Bokushi Suzuki beschreibt in seinem Reisebericht von 1832 über das japanische Etchigo (die heutige Präfektur Niigata), der auf deutsch als „Leben unter dem Schnee“ erschienen ist, daß es in dieser vereisten Gegend zur Prüfung der Bräute gehörte, einen Kiesel im Bachbett zu finden. Chandra Mohan Jain, besser bekannt als Bhagwan Shree Rajneesh oder Osho, spricht in einem seiner bisweilen skurrilen Lehrvideos über die Bedeutung von Individualität und den Vorgang des Findens. Als Knabe sei er, anders als in seiner Gegend üblich, stets in Kleidung mit aufgenähten Taschen umhergelaufen. Niemand wollte ihn verstehen, er aber habe diese zahlreichen Taschen gebraucht, weil er immer am Flüßchen unterwegs war, um Kiesel zu suchen, die er sich dann in die Taschen stopfte. Sowohl seine Kleidung, als auch seine Vorliebe für Kiesel führten zu einigen Disputen zwischen dem jungen Rajneesh und seinem Vater, der dem Knaben die Flausen austreiben wollte. Als der Vater, gemeinsam mit einigen anderen aus dem Dorf, das Zimmer des Jungen mit Flußkieseln zuschüttete, erklärte der kleine Rajneesh: nun sei ihm die Freude an den Kieseln zerstört, welche nämlich im Finden liege und nicht im Besitz. Rheinsein erhielt jüngst Foto und Bericht von wasserdurchlöcherten Kieseln aus dem Alpenrheinbett.
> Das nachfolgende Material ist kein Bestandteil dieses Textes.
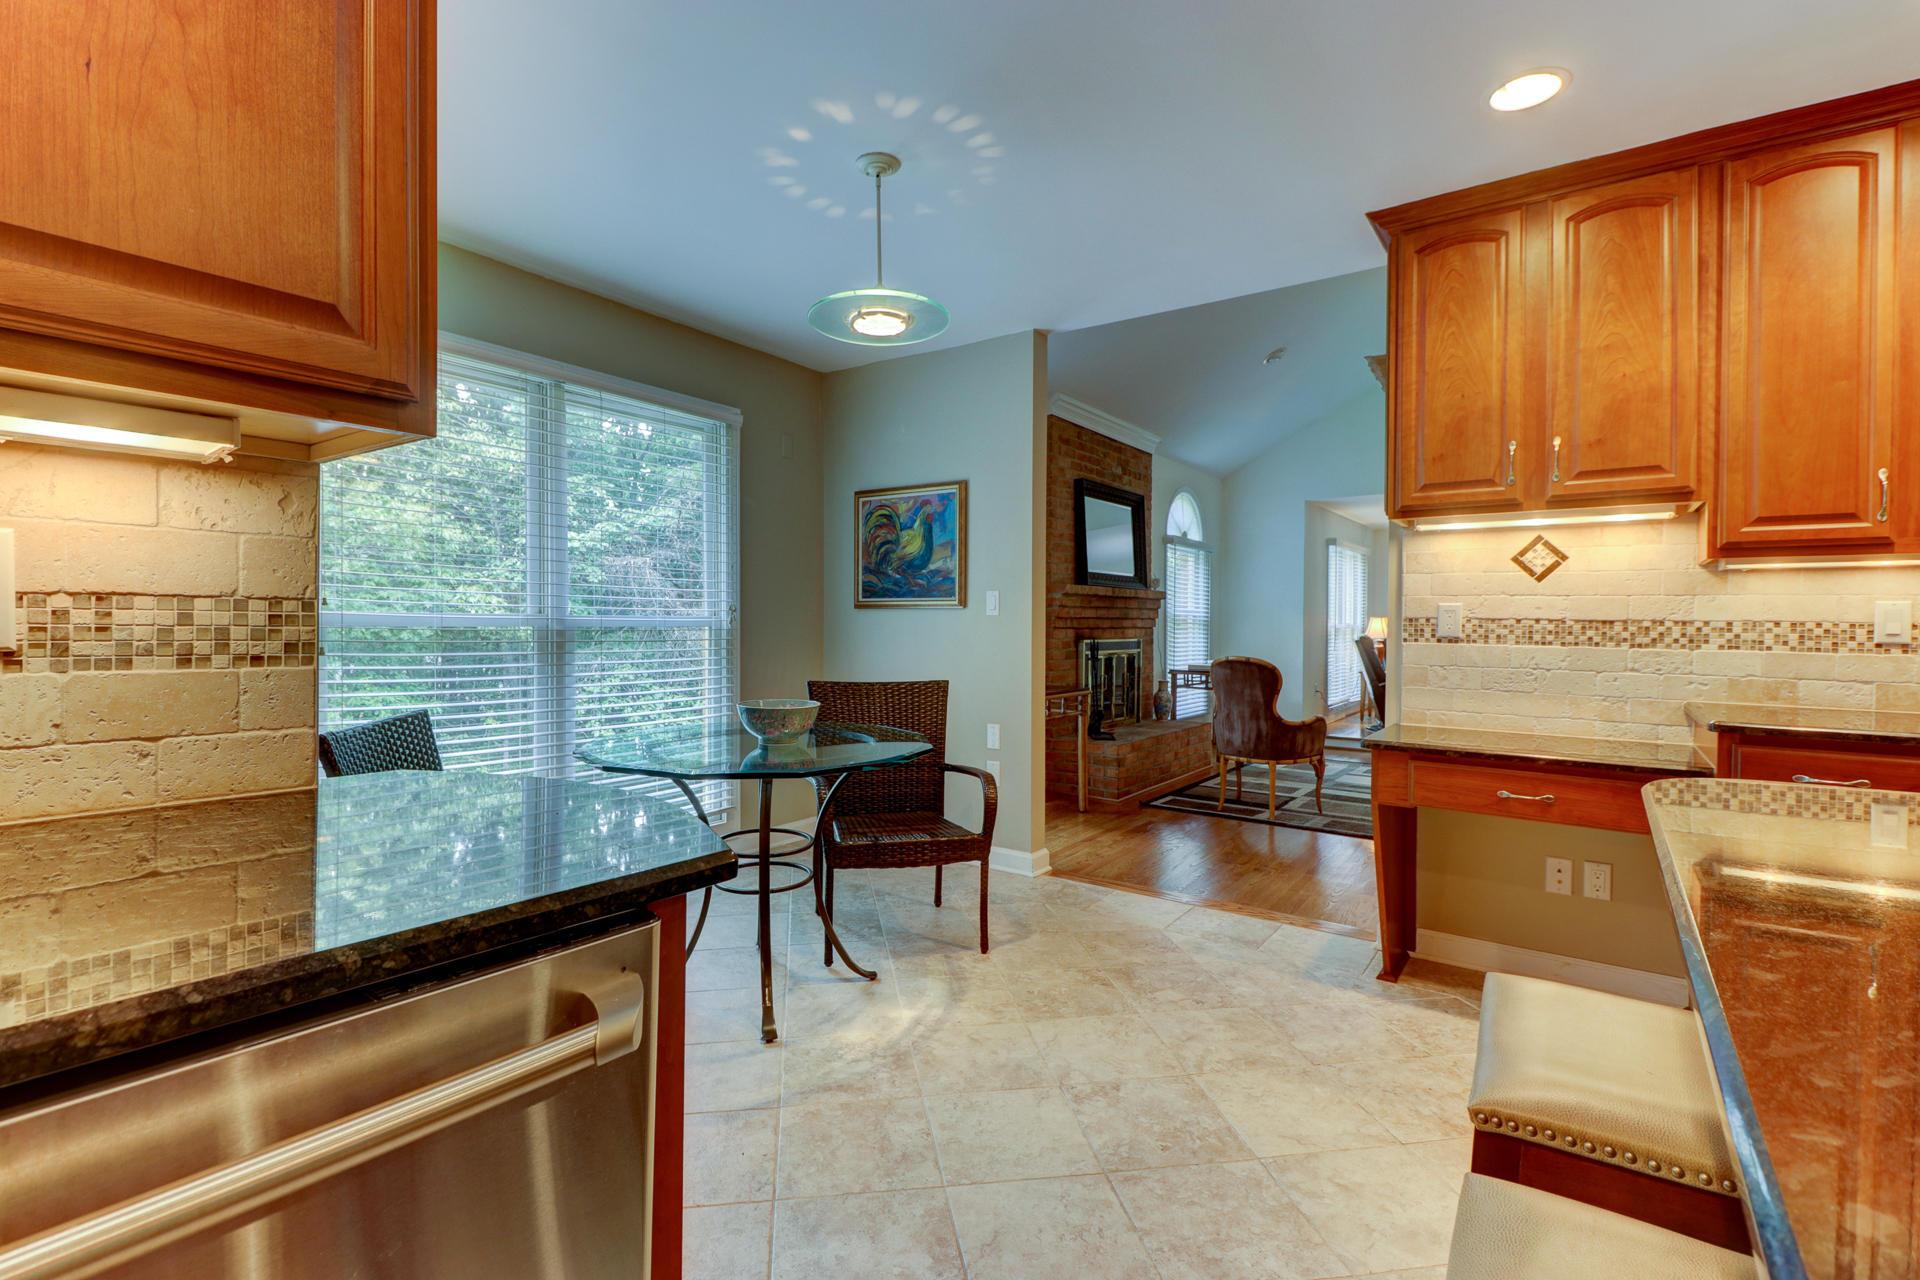 5295 Flintlock RD, Roanoke, VA 24018 (MLS# 851964) - Hunter Moore ...

Sie seien äußerst selten und das Auffinden habe eine besondere Bedeutung: Glück für den Finder, Schutz vor Alpträumen und in Gegenden, wo er noch existiert, selbst vor dem bösen Blick. Und Rheinsein erhielt Kunde von einem Jungen, der den Wert seines Ausflugs nach Salzburg an den Fundstücken entlang der Salzach bemaß: Katzengoldkiesel und ein noch beköderter Angelhaken.